Using TTchem-seq for profiling nascent transcription and measuring transcript elongation

The dynamics of transcription can be studied genome wide by high-throughput sequencing of nascent and newly synthesized RNA. 4-thiouridine (4SU) labeling in vivo enables the specific capture of such new transcripts, with 4SU residues being tagged by biotin linkers and captured using streptavidin beads before library production and high-throughput sequencing. To achieve high-resolution profiles of transcribed regions, an RNA fragmentation step before biotin tagging was introduced, in an approach known as transient transcriptome sequencing (TT-seq). We recently introduced a chemical approach for RNA fragmentation that we refer to as TTchem-seq.
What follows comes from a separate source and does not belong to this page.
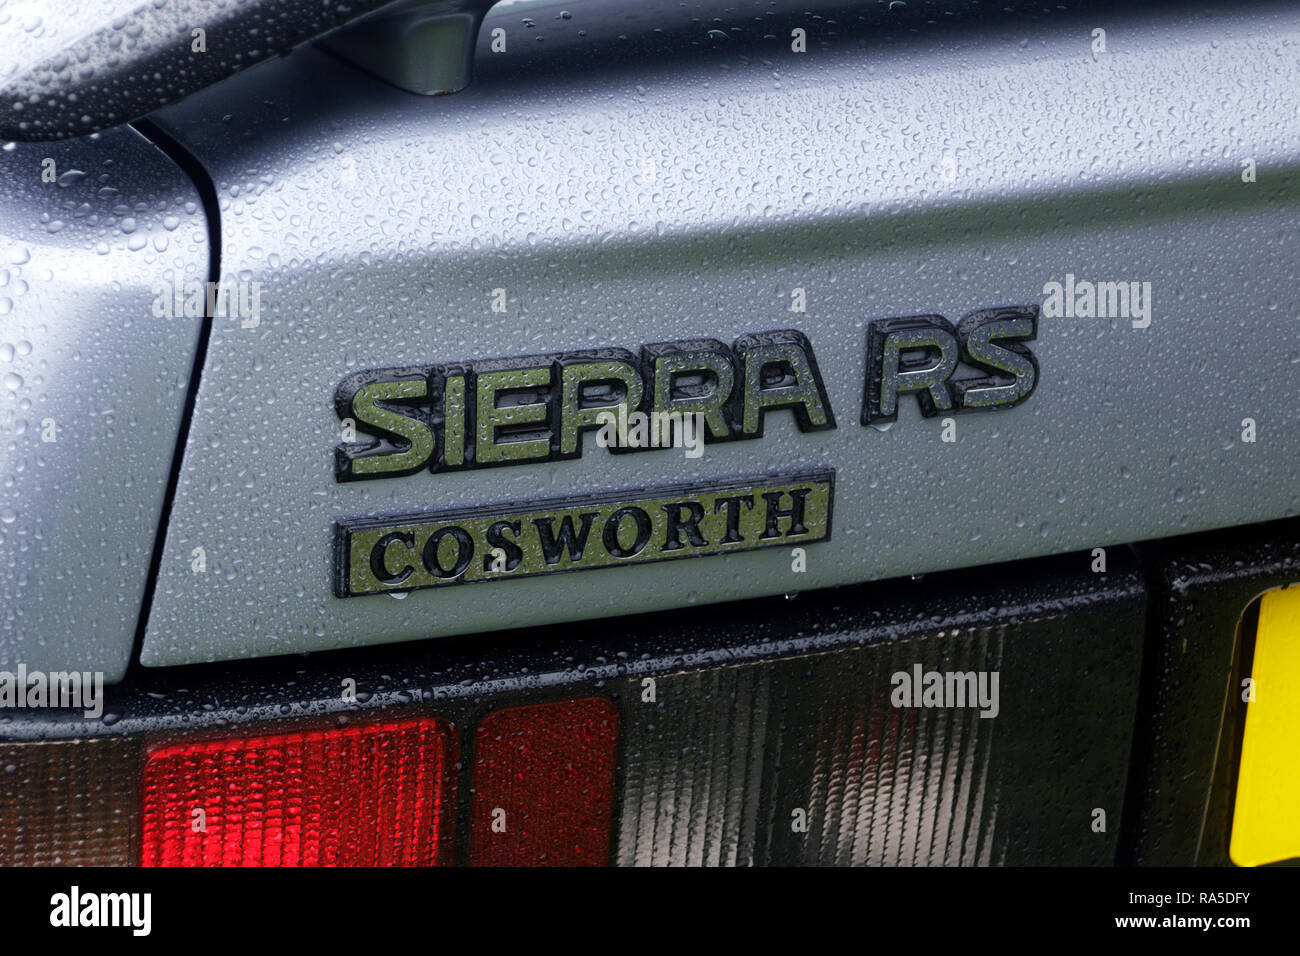 ⭐ New Monogram Rs Ford Sierra Cosworth 4x4 Sapphire Logo Badge Acronym

We describe how TTchem-seq can be used in combination with transient inhibition of early elongation using the reversible CDK9 inhibitor, 5,6-dichlorobenzimidazole 1-beta-d-ribofuranoside (DRB), to measure RNA polymerase II (RNAPII) elongation rates in vivo, a technique we call DRB/TTchem-seq. Here, we provide detailed protocols for carrying out TTchem-seq and DRB/TTchem-seq, including computational analysis. Experiments and data analysis can be performed over a period of 10-13 d and require molecular biology and bioinformatics skills. 4-thiouridine (4SU) labeling of nascent transcripts enables high-resolution genome-wide profiling of newly transcribed RNAs in mammalian cells. In combination with transient transcription inhibition, RNA polymerase II elongation speeds can be measured.